To insurers, JCCP registration is a useful but not decisive signal. Some insurers look favourably on it as evidence of training and governance; none that we are aware of make it a blanket condition of cover. What insurers care about is documented training in each specific procedure, prescriber arrangements, and your consent and record-keeping discipline, which is the subject of our aesthetics insurance guide. Keeping clean, versioned records helps regardless of which register you join, and it is the part of compliance you control completely.
To the wider market, membership signals that you have voluntarily accepted external standards and a code of practice before the law required it. When the English licensing scheme arrives, practitioners who can already evidence training, records and governance will have an easier application, whichever body ends up checking.
The honest debate
The JCCP divides opinion, and you should know the arguments before paying to join.
Critics among healthcare professionals argue that, for medics, it duplicates regulation they already have. A nurse prescriber is already accountable to the NMC, which has real legal teeth; adding a voluntary register adds cost without adding much accountability. Some also argue that by maintaining any register parts open to non-healthcare practitioners, the JCCP legitimises non-medic practice in a sector they believe should be medical only.

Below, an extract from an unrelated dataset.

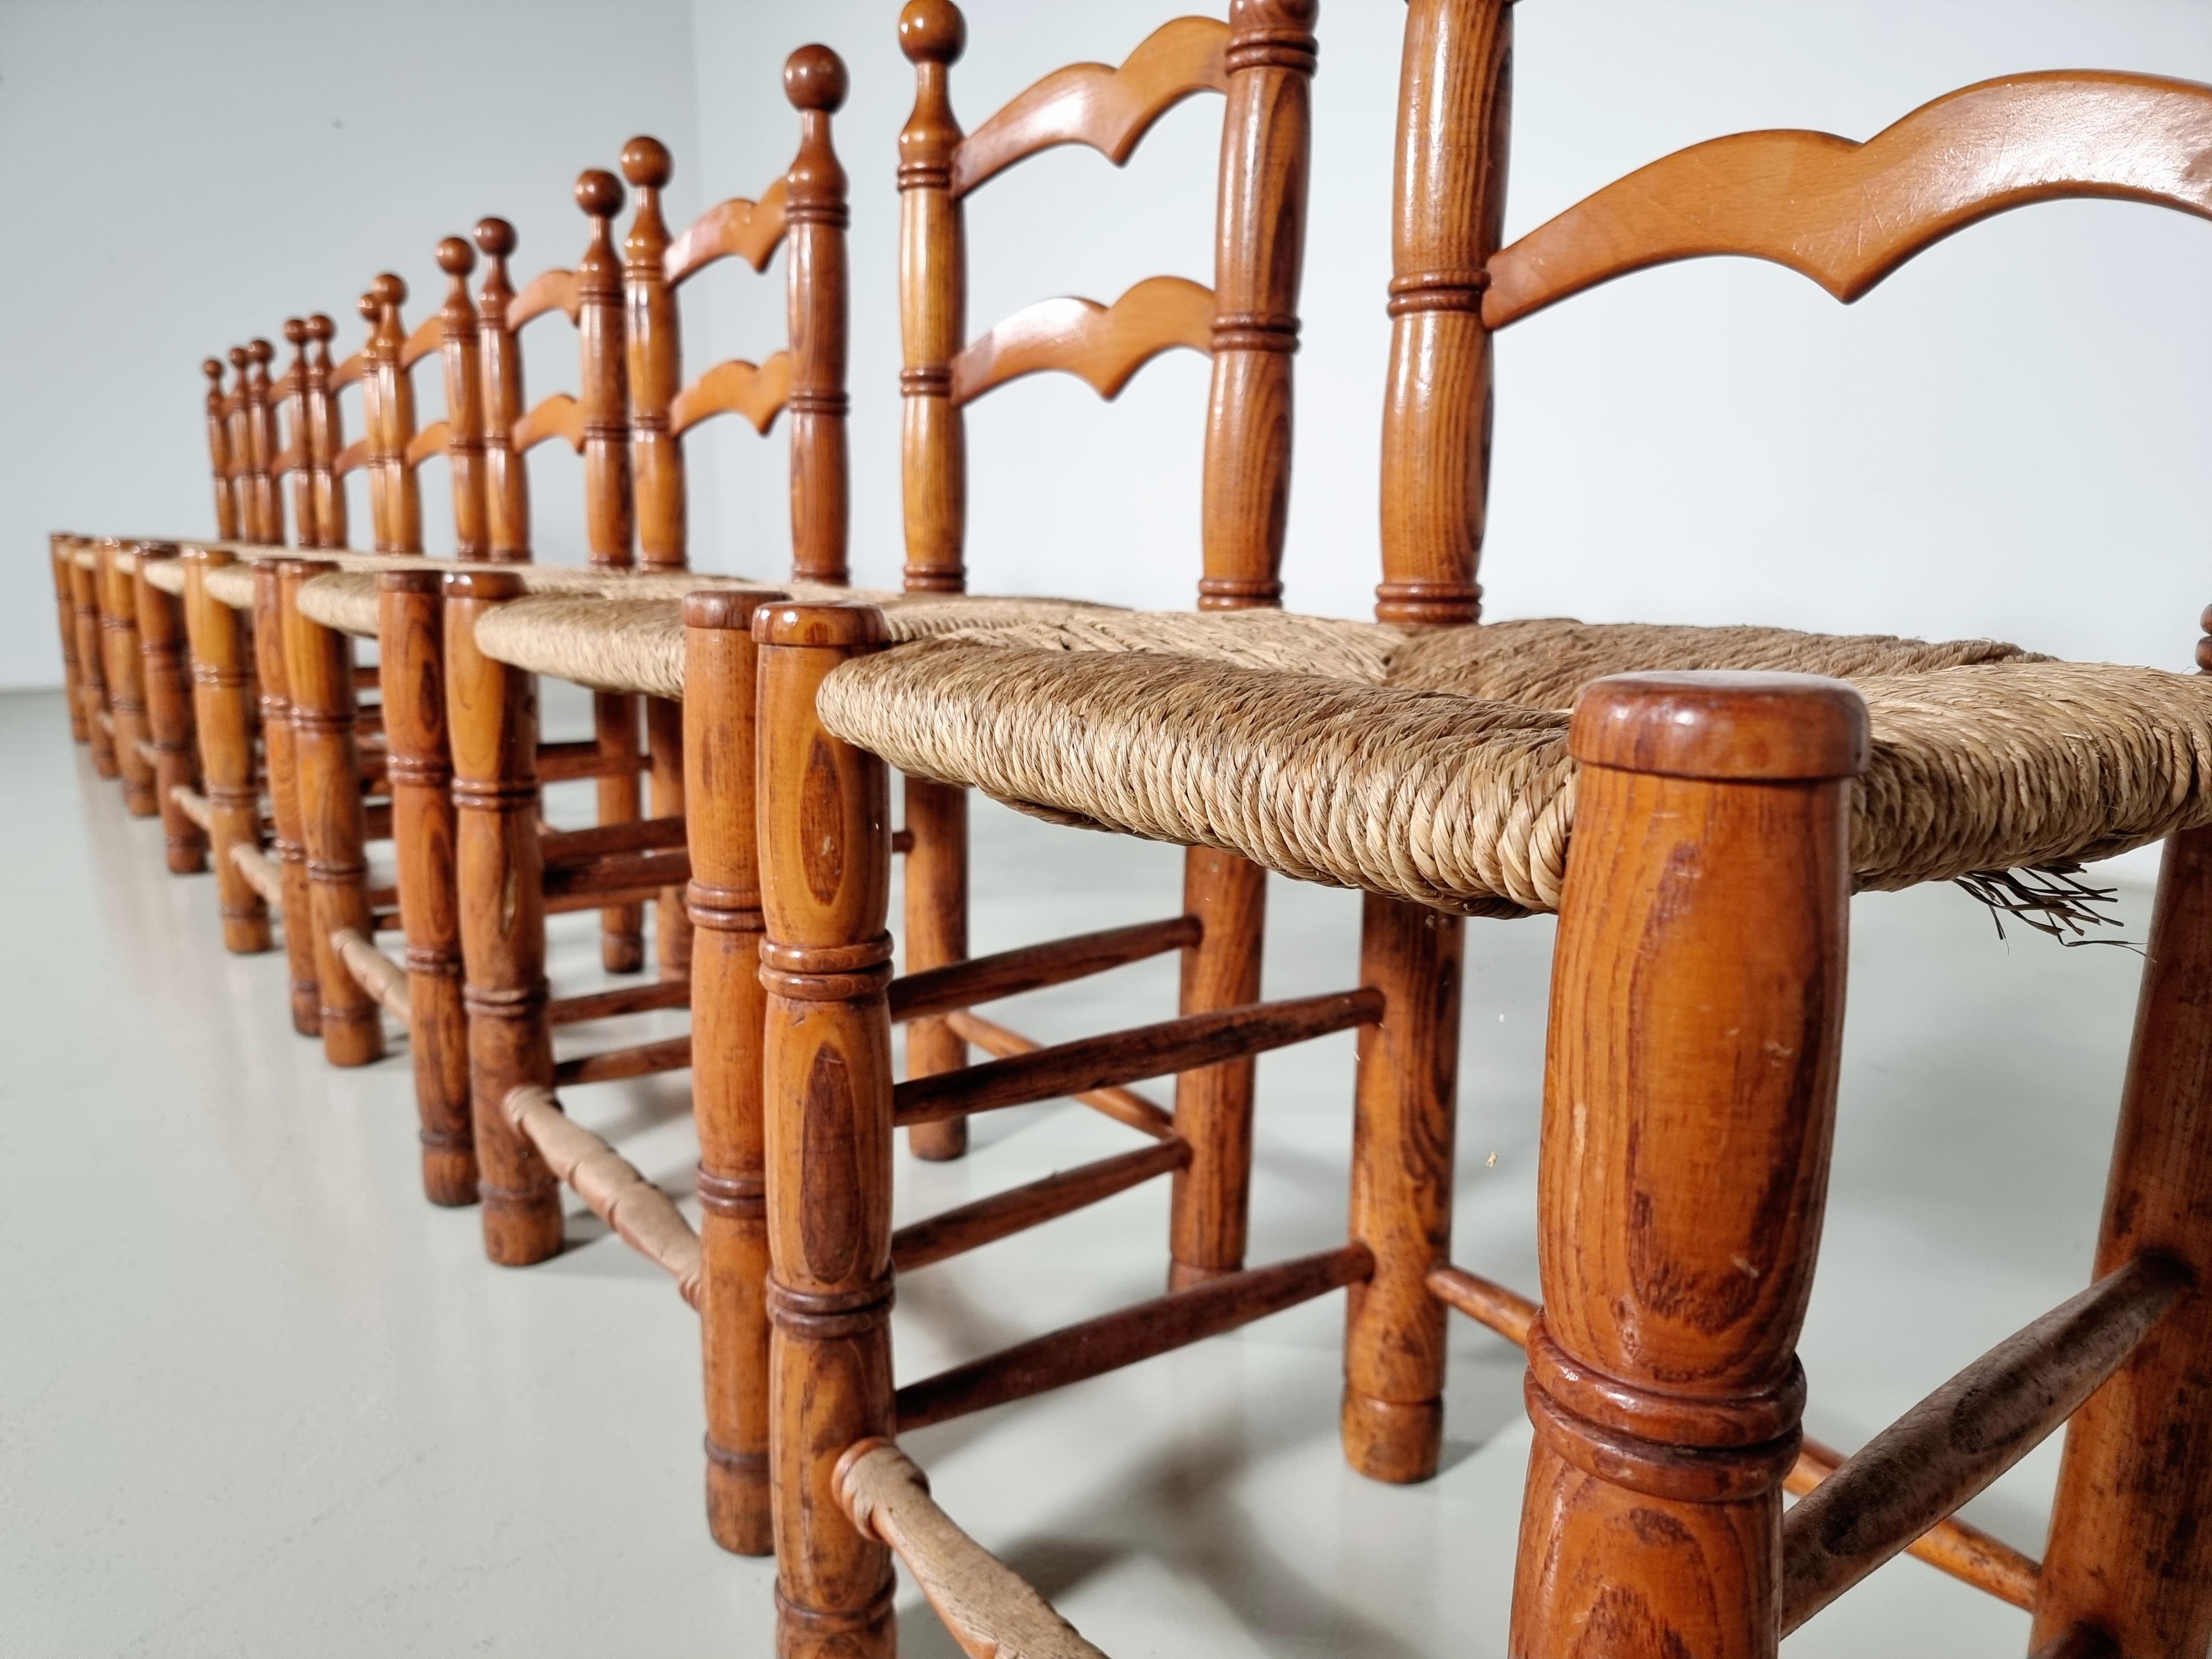 Lot de 12 chaises de salle à manger rustiques de style fermier en chêne avec des sièges en jonc tressé. Fabriquées en France dans les années 1970. Les cadres en chêne sont dans leur finition d'origine légèrement teintée. Les sièges en jonc sont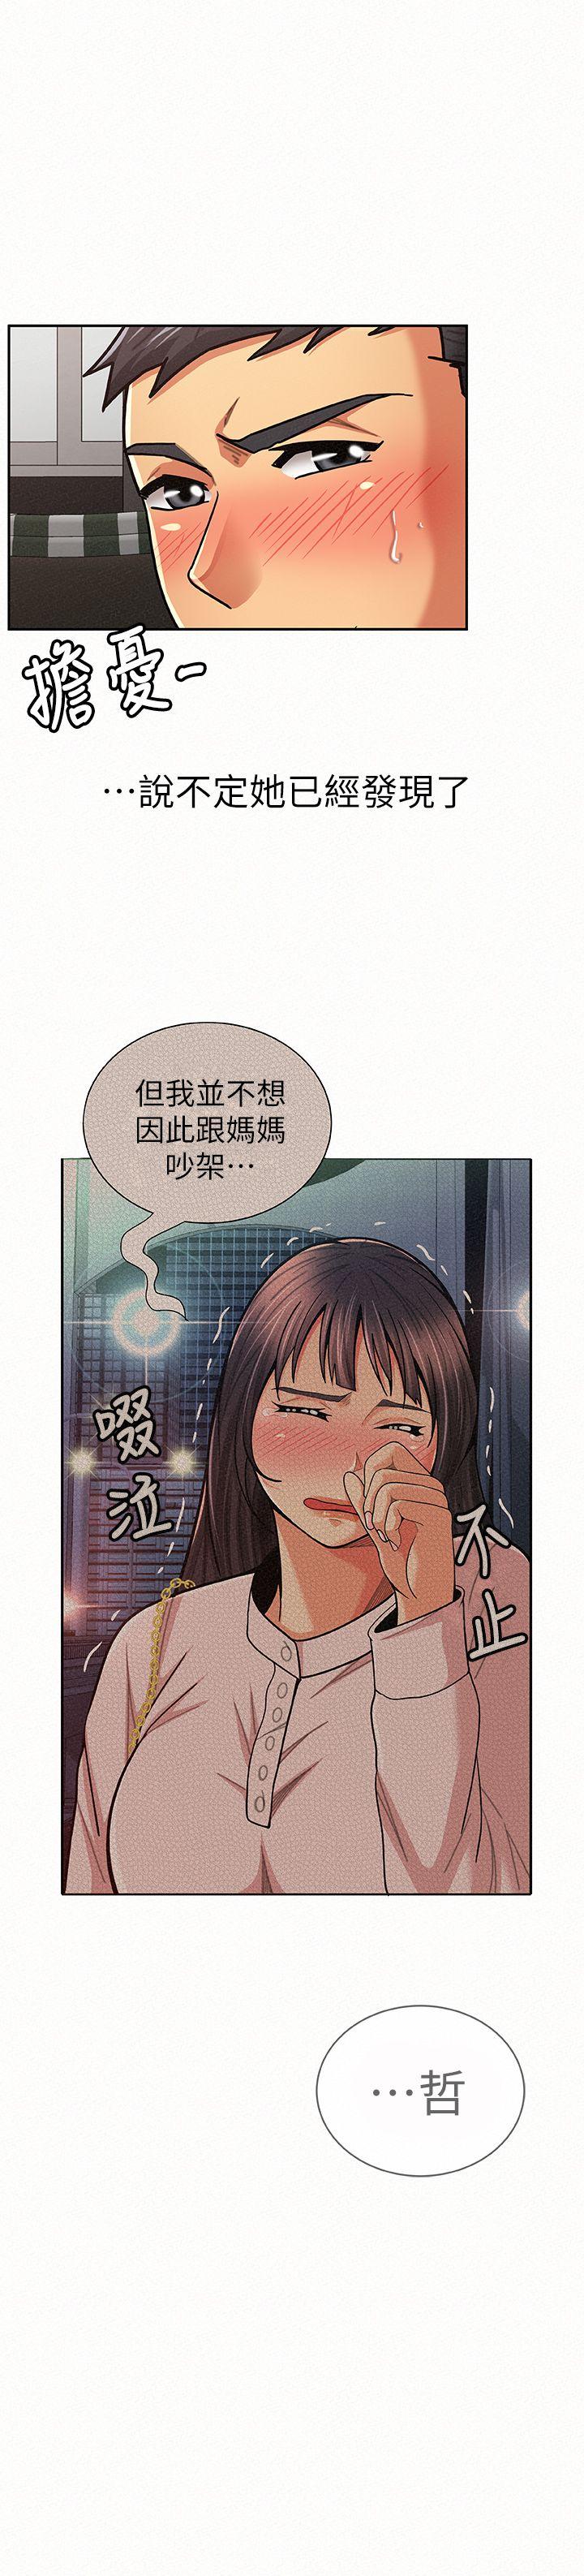 韩国污漫画 報告夫人 第20话-你跟仁惠进展到哪里了? 21

From the other side, non-healthcare practitioners point out that the JCCP’s 2018 decision to close injectables registration to them, made on risk grounds, leaves skilled non-medics with no route onto the accredited register for the procedures they perform, while doing nothing to stop unregistered non-medics practising legally outside it. That is a fair description of the current law: the register restricts who can join the register, not who can inject.
Both criticisms point to the same underlying fact. A voluntary register, however well run, mainly attracts the practitioners who least need policing, while those causing the harm simply do not join. The JCCP itself has been candid about this limit, which is why it has campaigned for statutory licensing rather than positioning itself as the permanent answer.
So do you need it?
Legally, no. Practically: if you are a healthcare professional building a reputation in aesthetics, membership is a reasonable, verifiable trust signal whose value will depend on your market and how visibly you use it. If you are a non-healthcare practitioner offering injectables, the register is closed to you for those procedures, and your energy is better spent on training evidence, insurance and preparing for the licensing scheme. Either way, treat the JCCP as one signal among several, not a substitute for the records, consent and governance that will actually be examined when regulation lands. The rest of our guides cover those fundamentals.